In this way we can make user code compatible with both pytorch with torch.acc, and still works on CUDA device with older version of pytorch. This keeps user experience when they had not upgraded PyTorch, or avoid breaking workflow using older versions of PyTorch.

torch.acc has the same API names as torch.cuda to keep consistency except device guard and stream guard. Their name is still in discussion. We can facilitate user experience via alias name.

guangyey avatar Oct 08 '24 15:10 guangyey

Hello, I came here by way of #110080 looking for a device type agnostic API.

TLDR this is nice, but why aren't all CPU and accelerators just 'devices', more in line with what's there now but extending the API to be 'device type' agnostic instead of adding a new API that appears to be focused on a subset of all devices? To me this solves a few problems but leaves a number of related concerns unaddressed and possibly muddies the water further, making the ideal harder to obtain.


There are some good ideas here, but I feel this is still fragmenting device into 'accelerators' and other (read CPU). From standpoint of someone writing minimal train scripts, etc that should work on any and all devices without requiring loads of conditionals, etc that still seems problematic.

Instead of accelerators can't we build an API that covers ALL devices? From cpu, cpu /w extra instructions, to full blown stream enabled accelerators?

Some questions that pop into mind with this

  • How do I get my accelerator in the first place?

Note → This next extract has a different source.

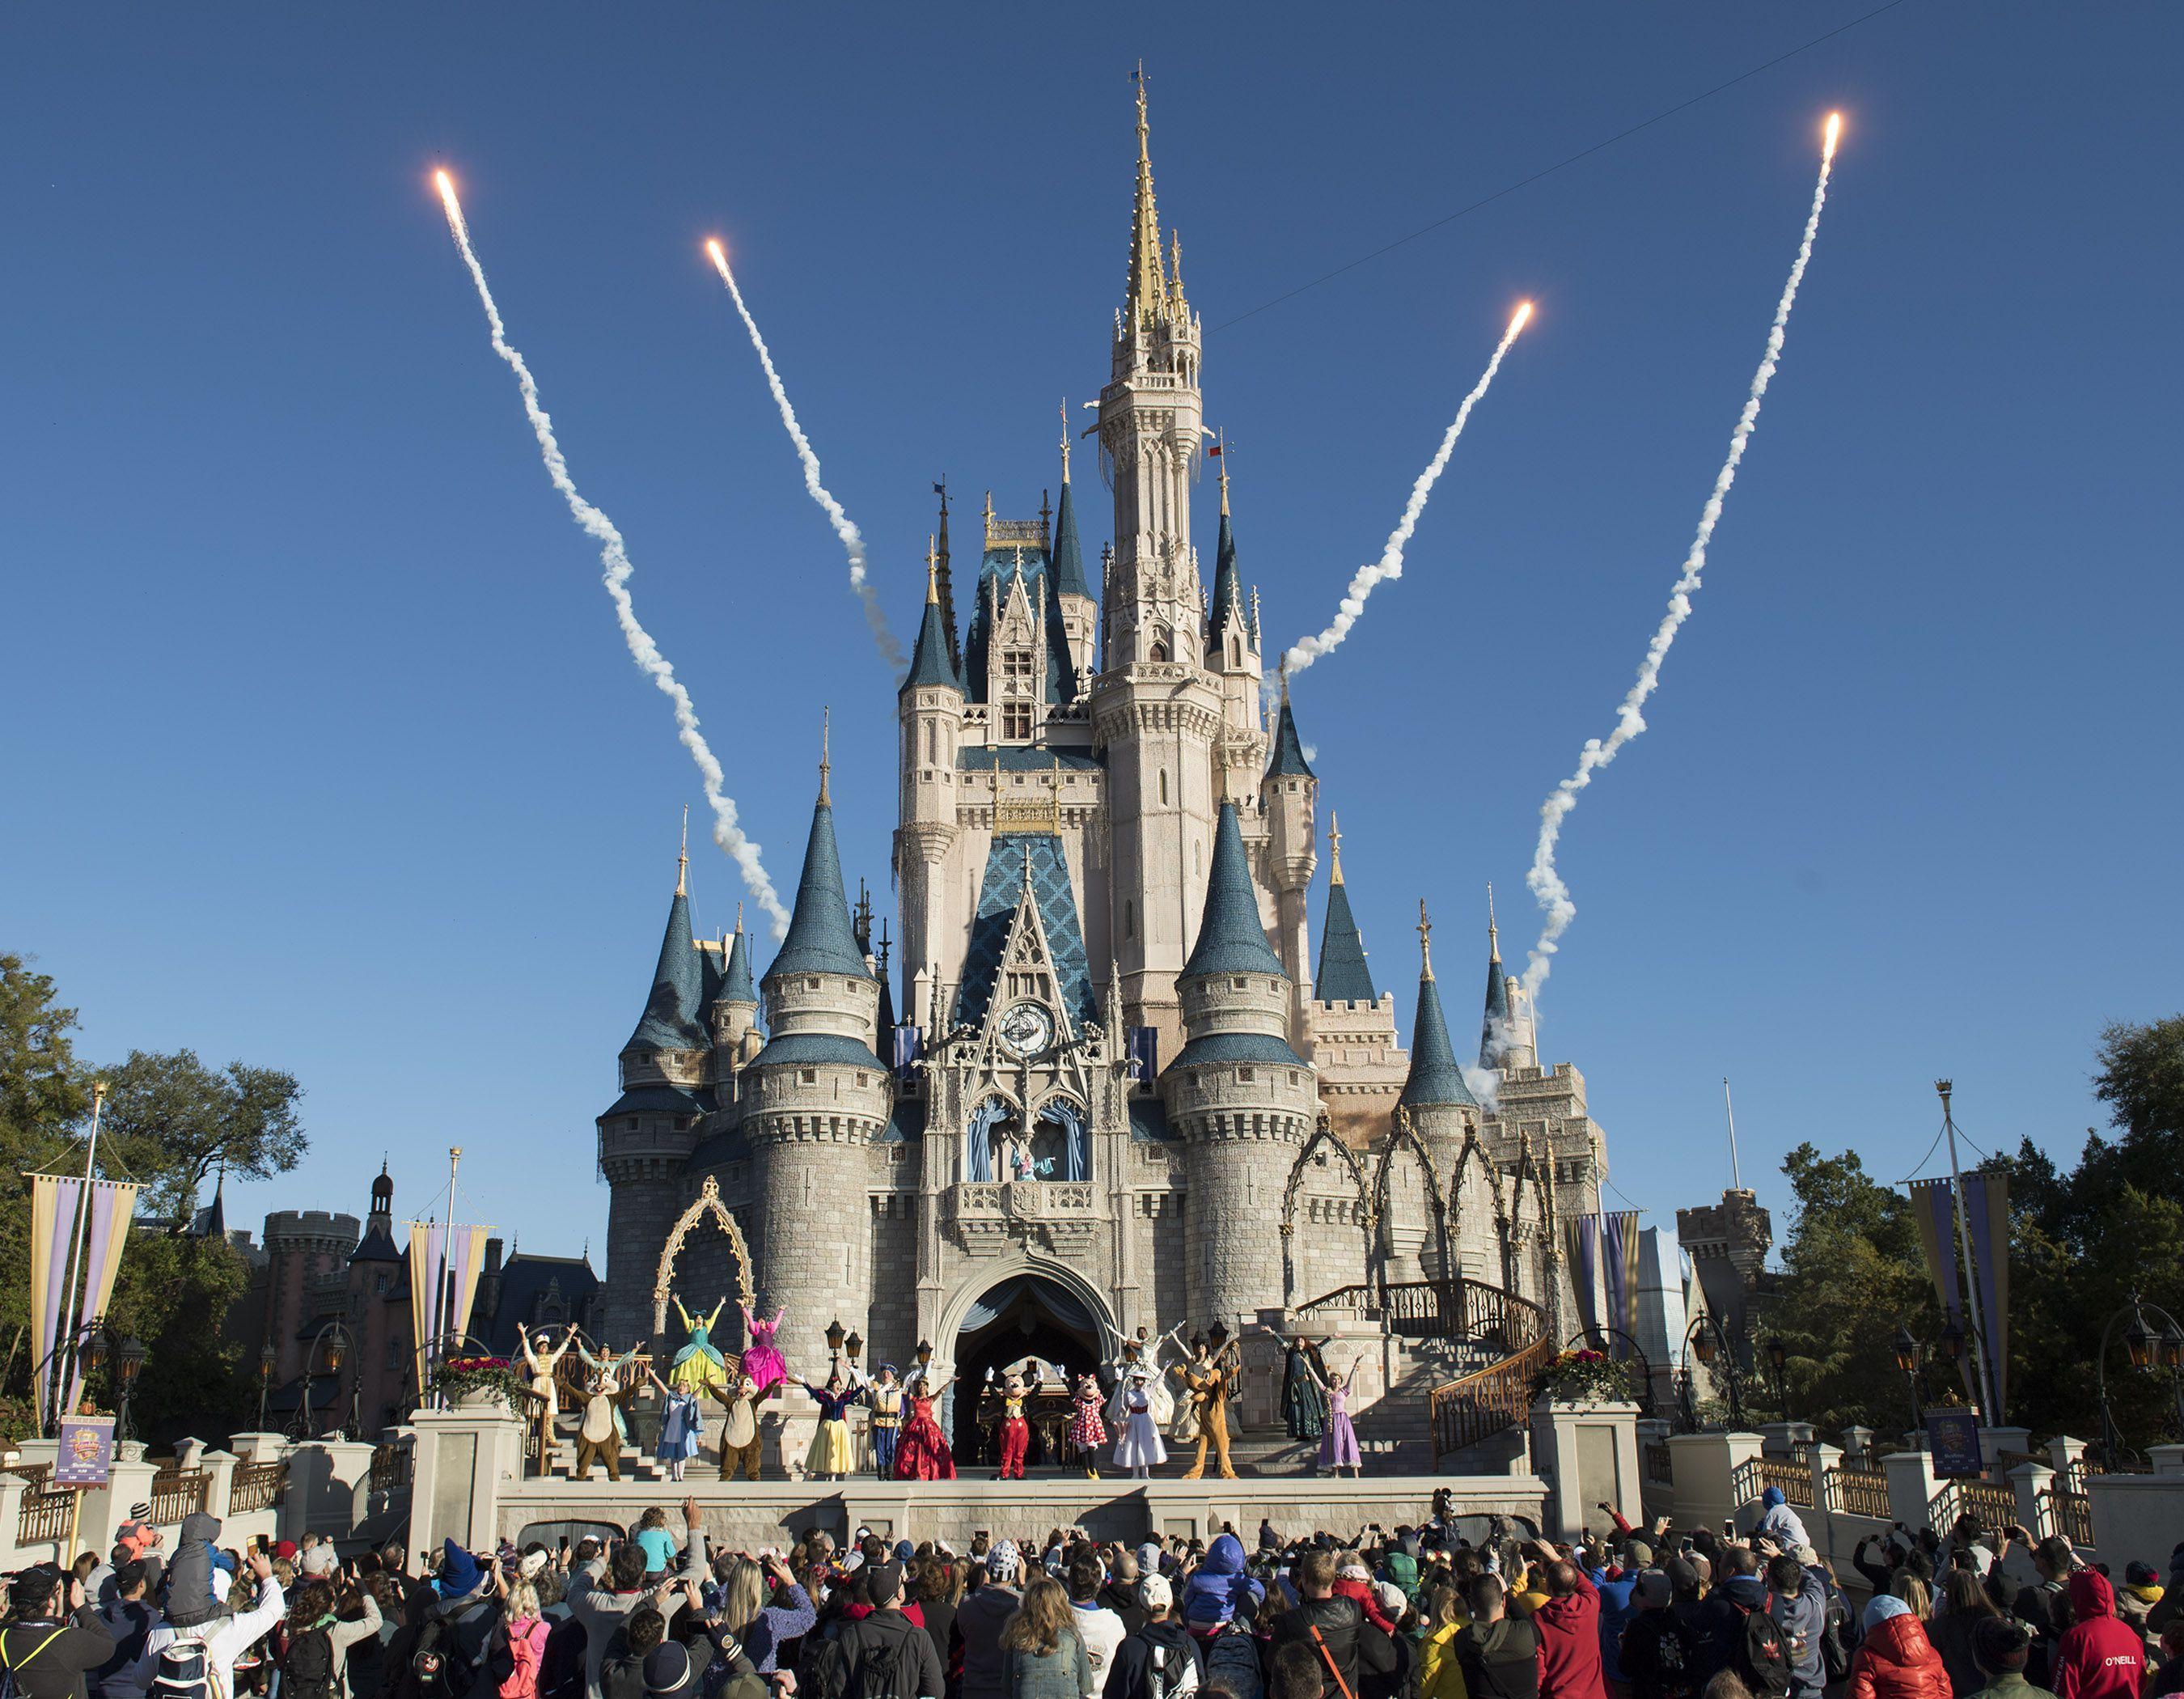 Cada mañana tiene lugar un nuevo espectáculo de bienvenida en el escenario de la explanada del Castillo de Cenicienta en el Parque Magic Kingdom

What if there are multiple options on the system?
  • If I have a CPU, or mkldnn enabled CPU or other CPU + extensions, etc AND a GPU or other dedicated 'accelerator' on a system, do I still have to call torch.is_xxx_available for some 'non-accelerator' devices before I can use them, and then now a different API for 'accelerators'?

In my mind accelerator as a distinction, separate from 'CPU' is a near term idea. Sure, it's stuck around for a bit so far, but really they're all compute devices, and I want a generic API to pick my compute device (know what's avail on my system) and determine it's capabilities (supports streams or not, requires explicit graph exe (mark_step), ec), and what subset of the API is useable...

rwightman avatar Oct 21 '24 17:10 rwightman

Hi @rwightman, thanks for your idea.

Here we deliberate to place the accelerators APIs under the namespace torch.accelerator to tell the user what API they are using is tailored for accelerators, not CPU.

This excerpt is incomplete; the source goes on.